Data provided:
========================================================================

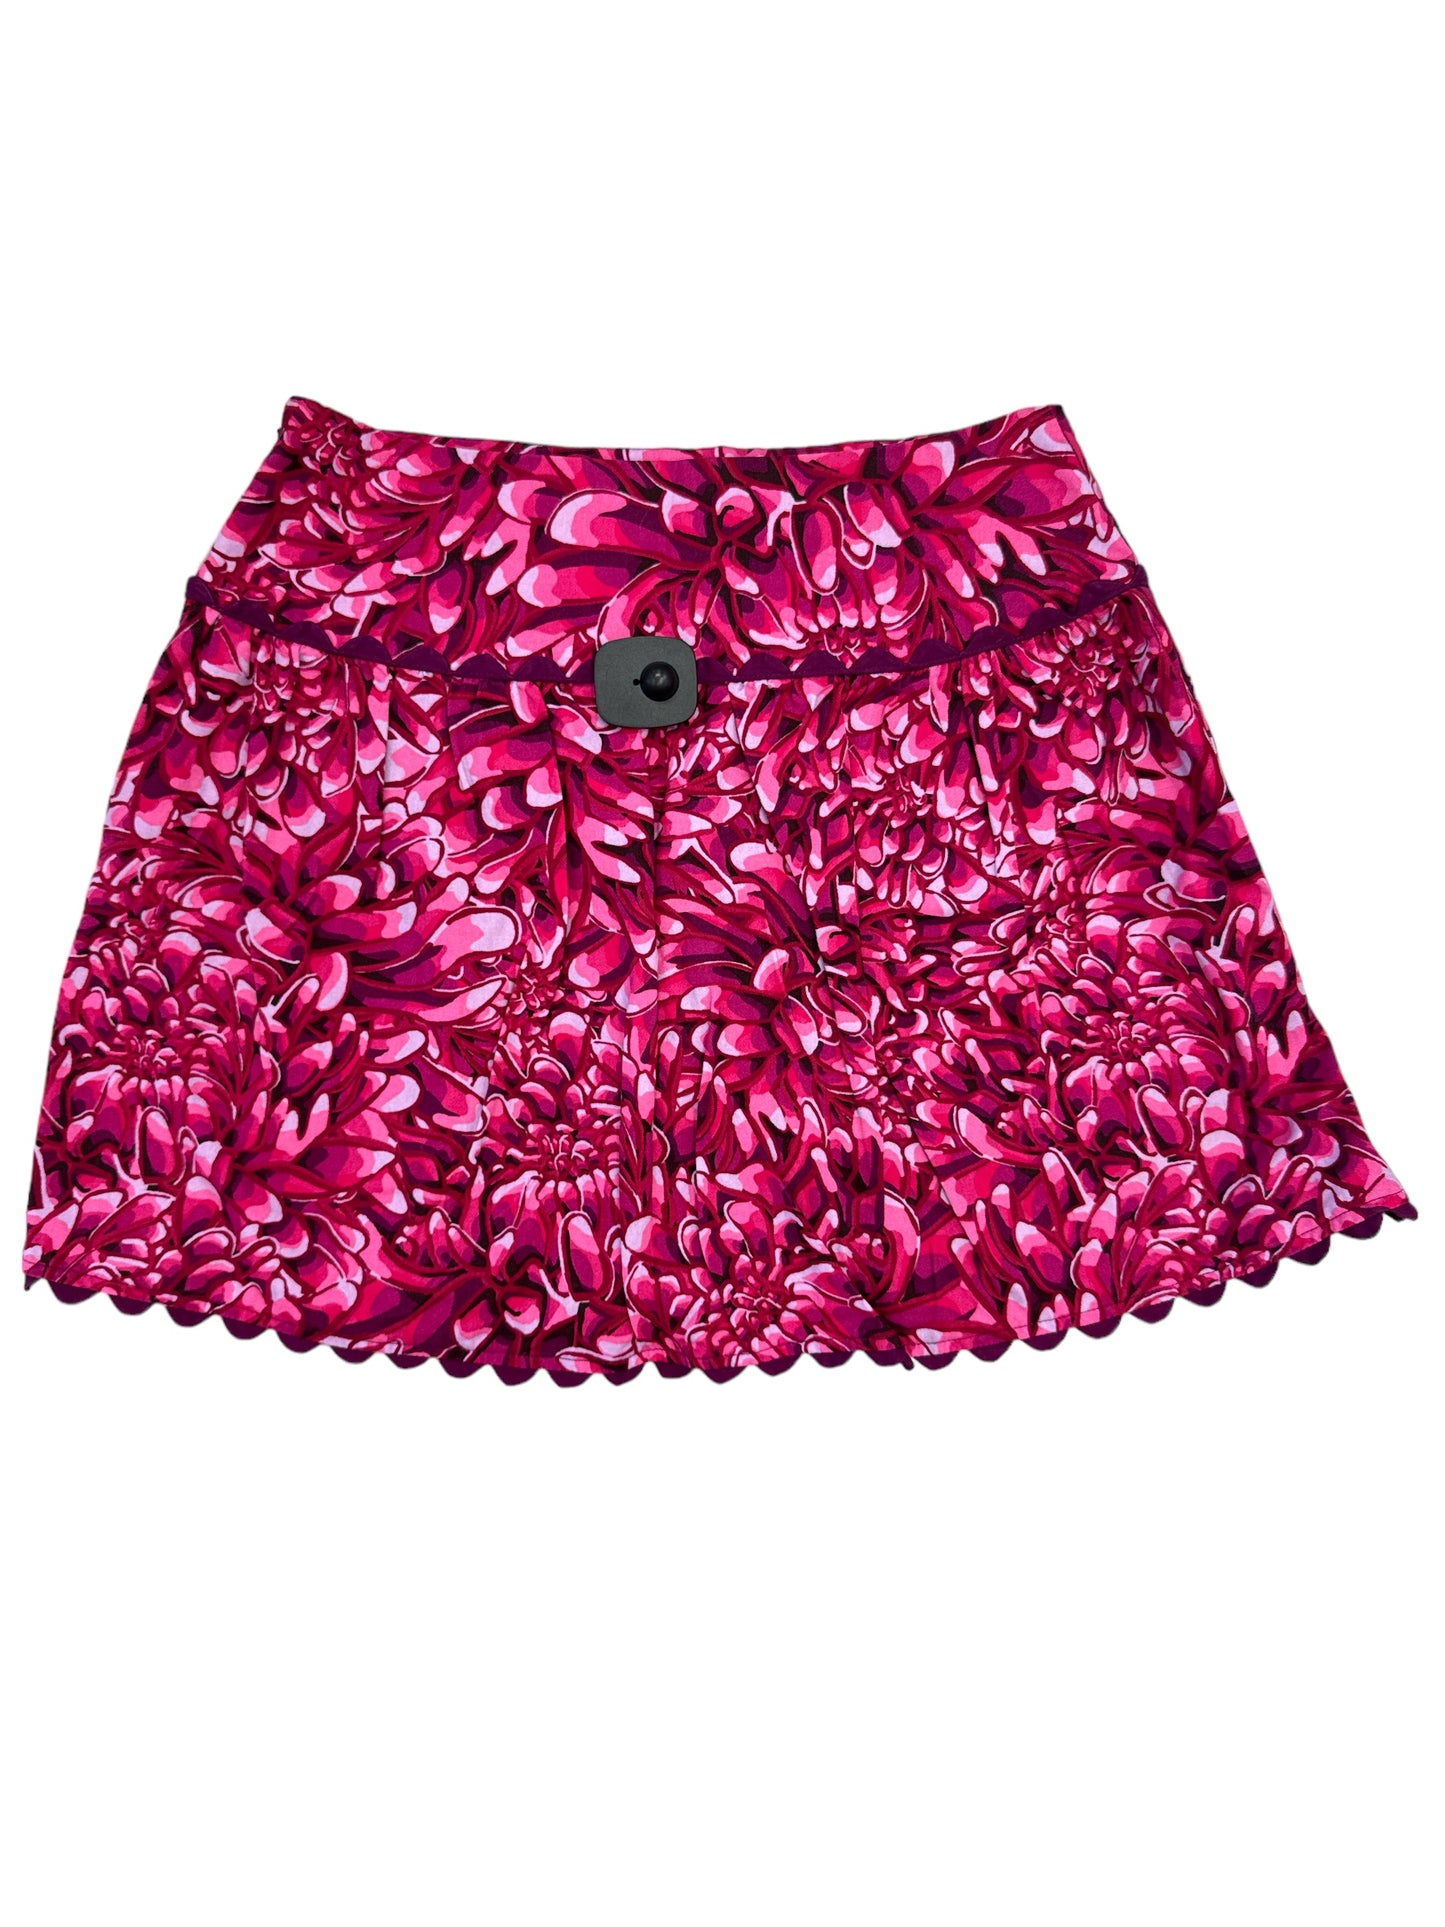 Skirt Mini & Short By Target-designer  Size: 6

========================================================================

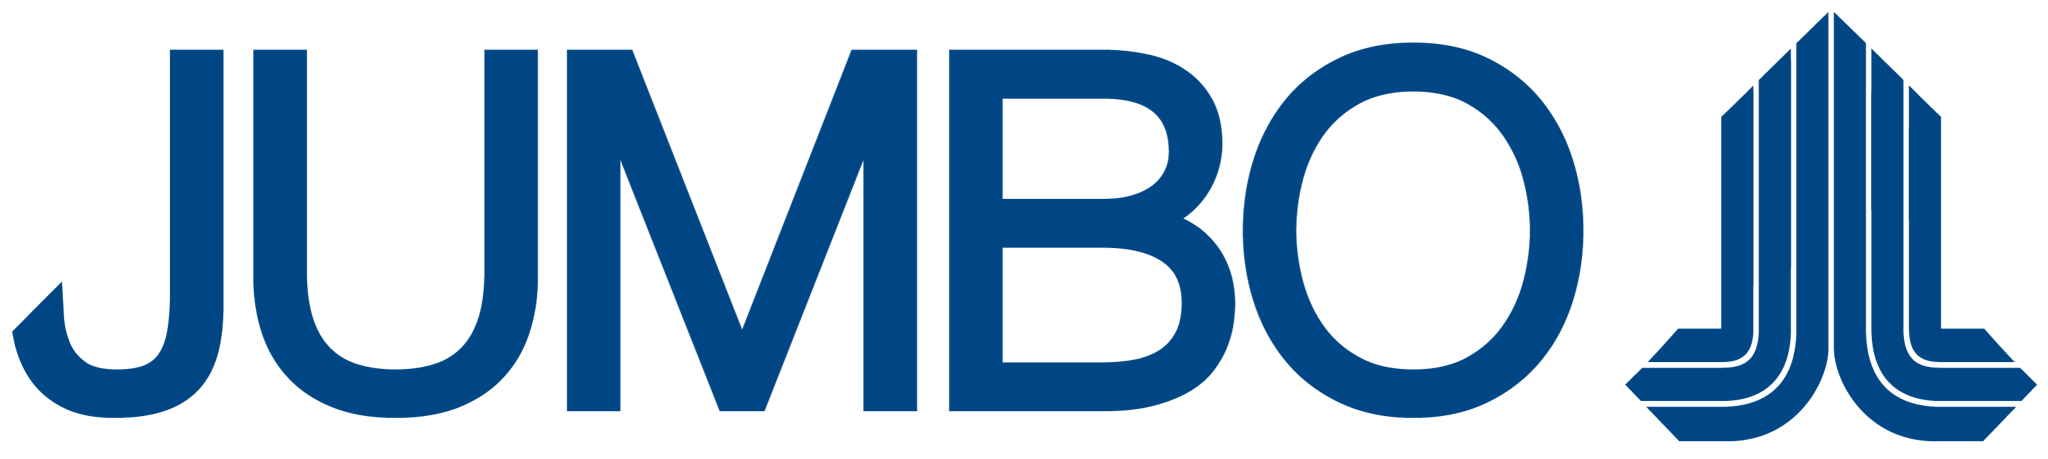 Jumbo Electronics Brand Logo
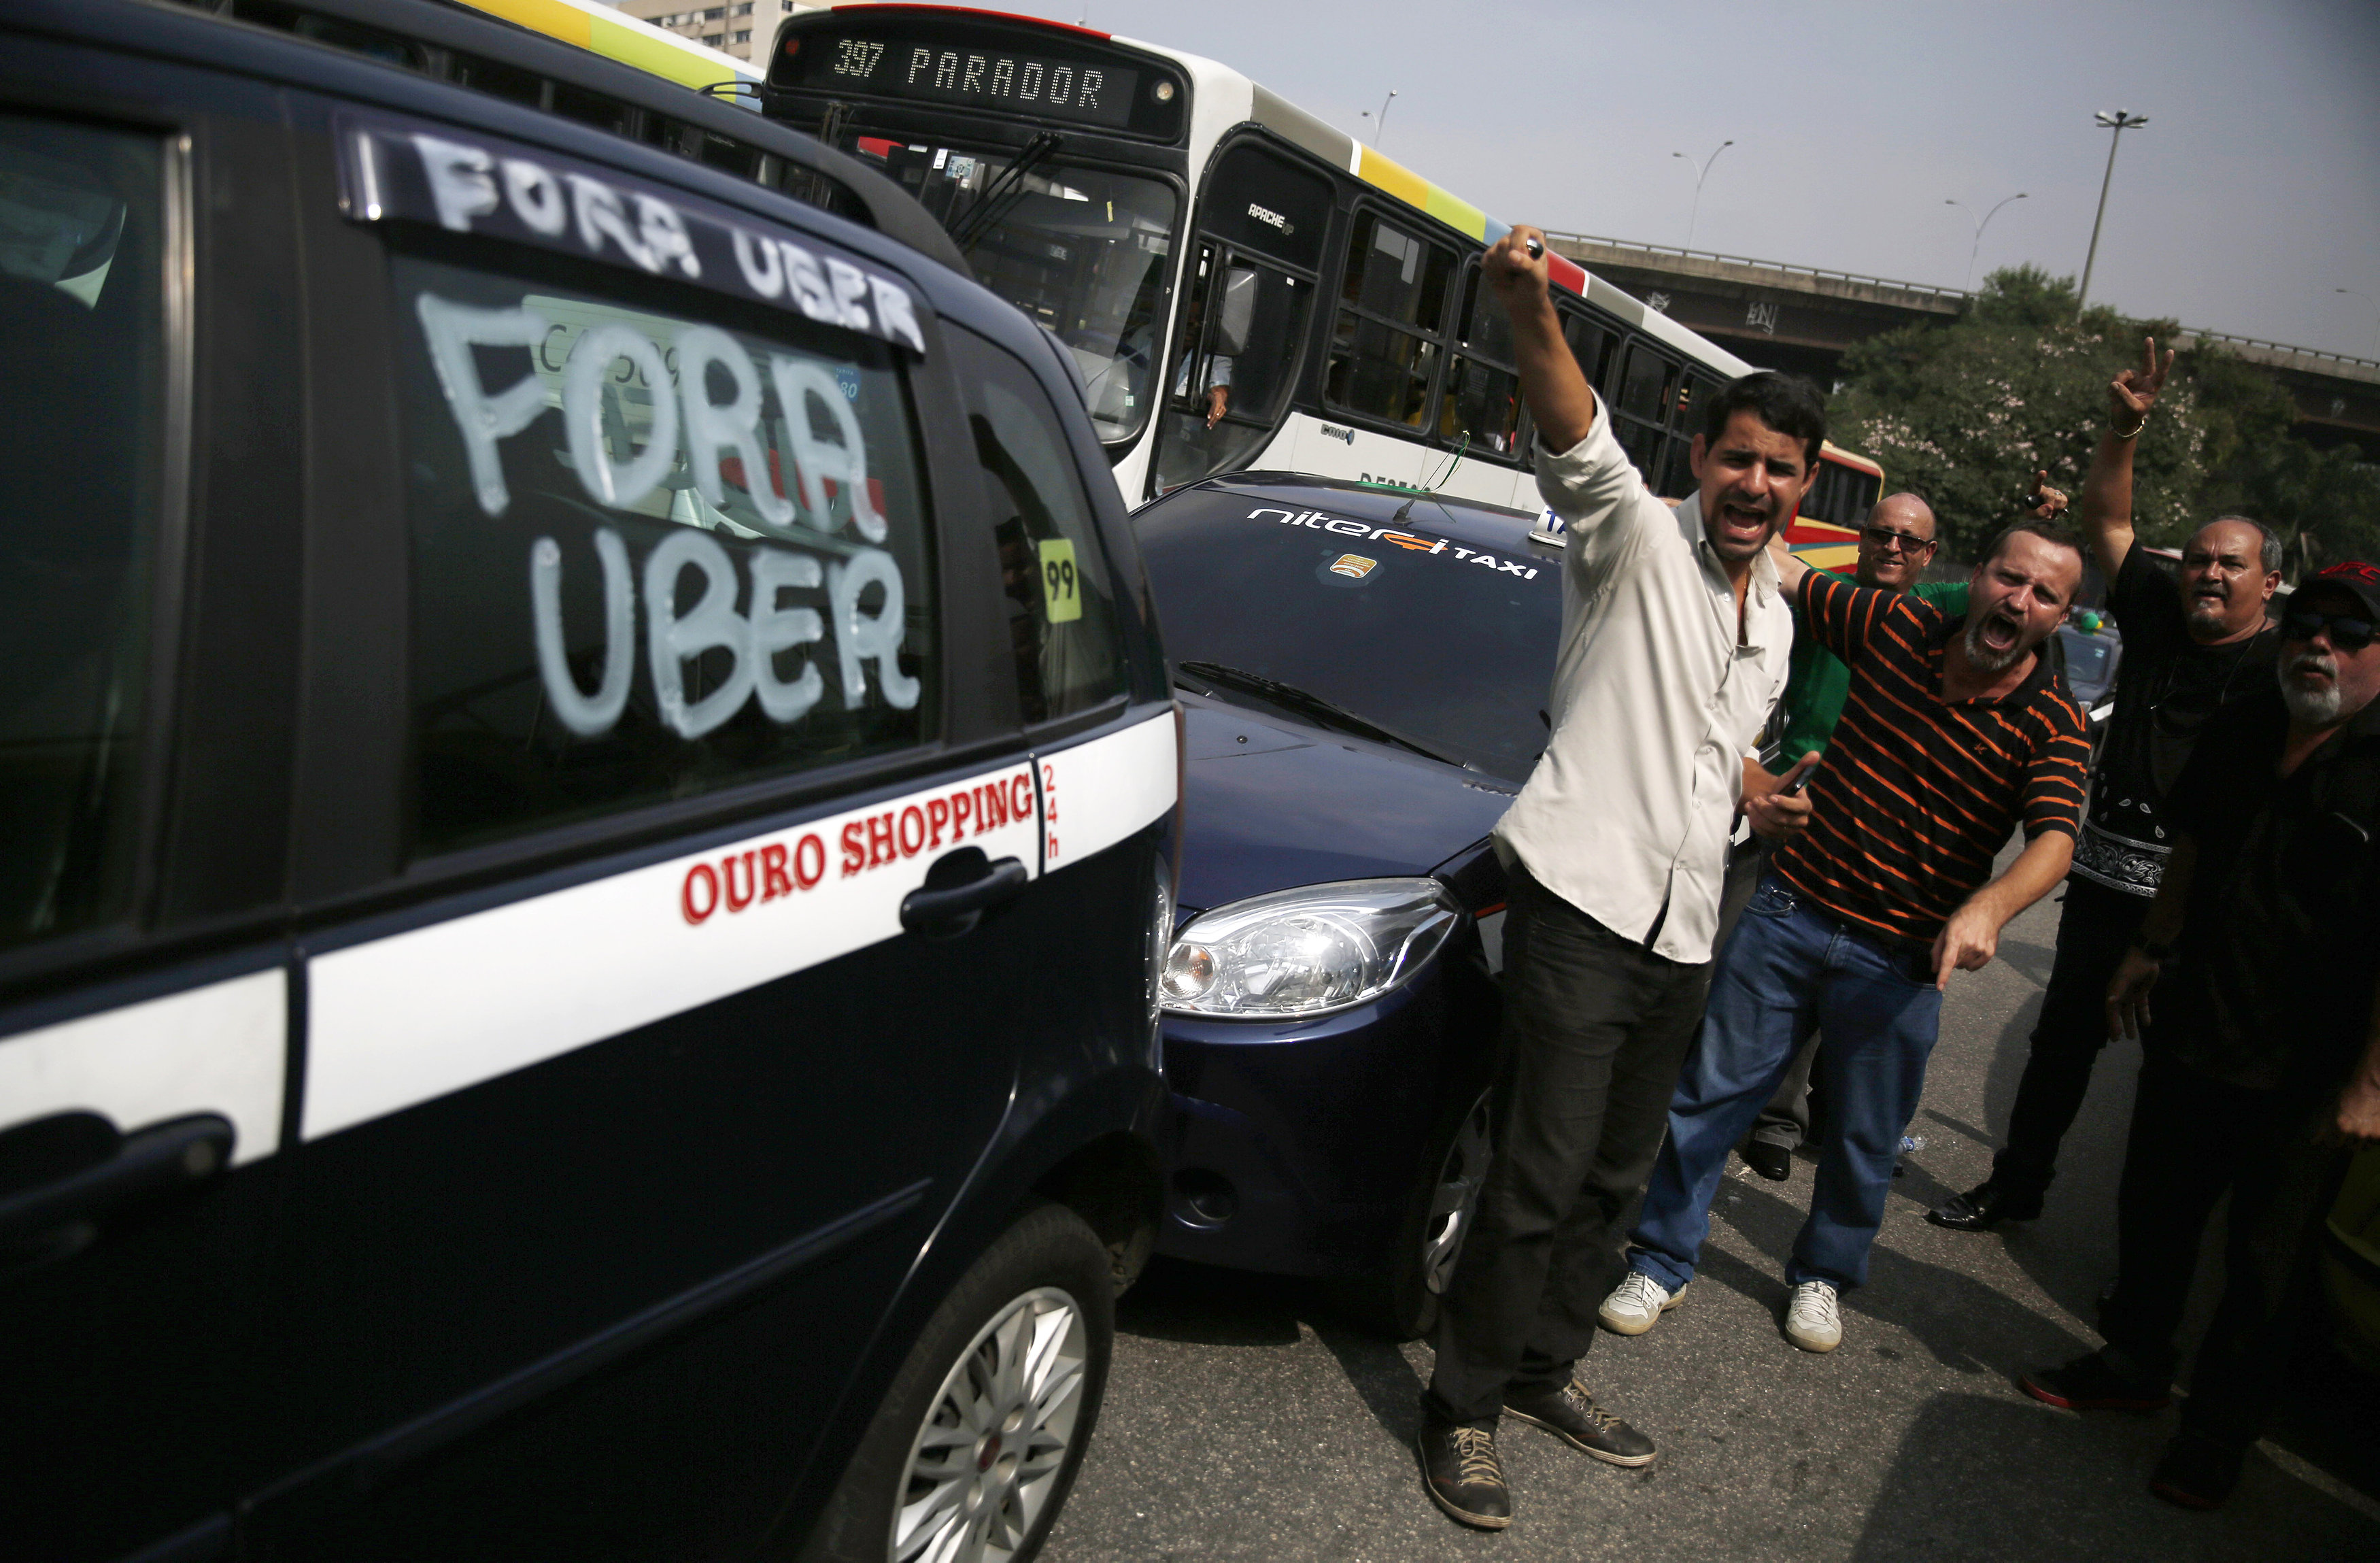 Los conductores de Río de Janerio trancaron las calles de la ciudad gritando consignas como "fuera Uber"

========================================================================

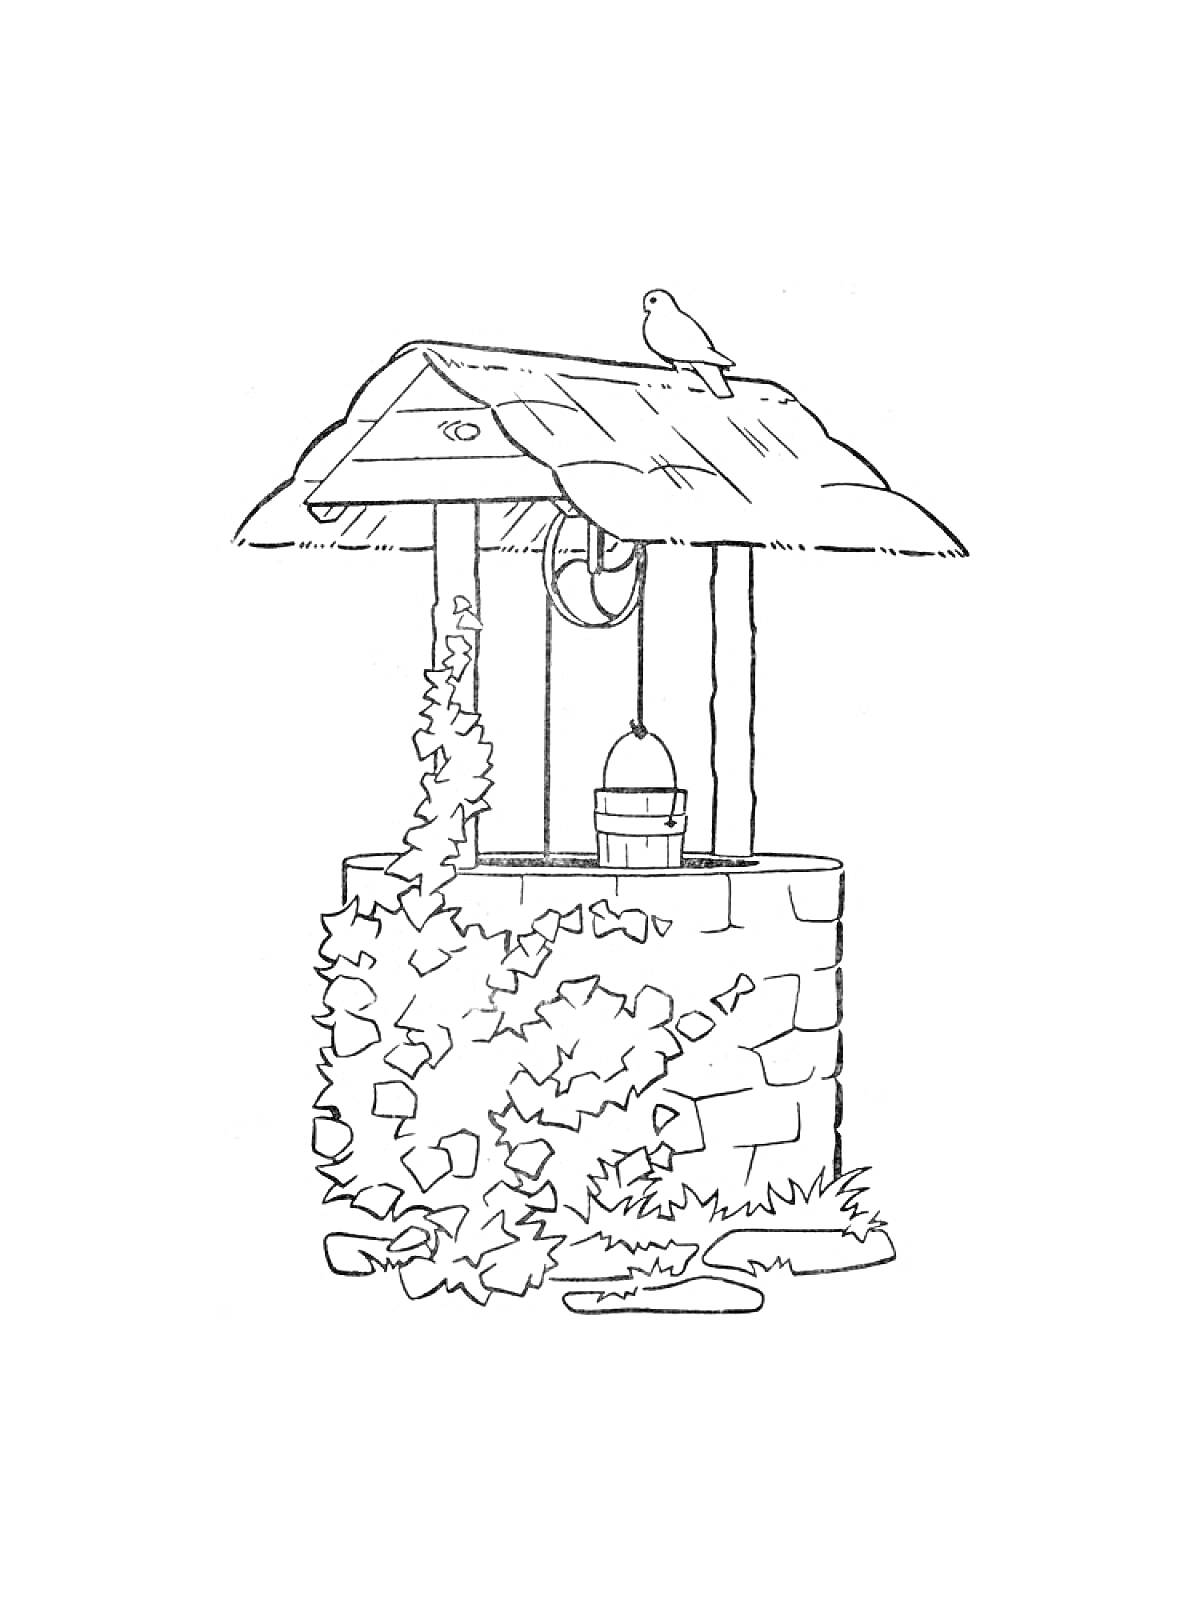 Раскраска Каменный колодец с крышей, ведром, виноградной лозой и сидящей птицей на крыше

========================================================================

What you have to do:
Above are some records; extract exactly the lines from the one containing "Jumbo Electronics Brand Logo" through the one containing "Los conductores de" and drop the pictures.

Response to the task:
 Jumbo Electronics Brand Logo
 Los conductores de Río de Janerio trancaron las calles de la ciudad gritando consignas como "fuera Uber"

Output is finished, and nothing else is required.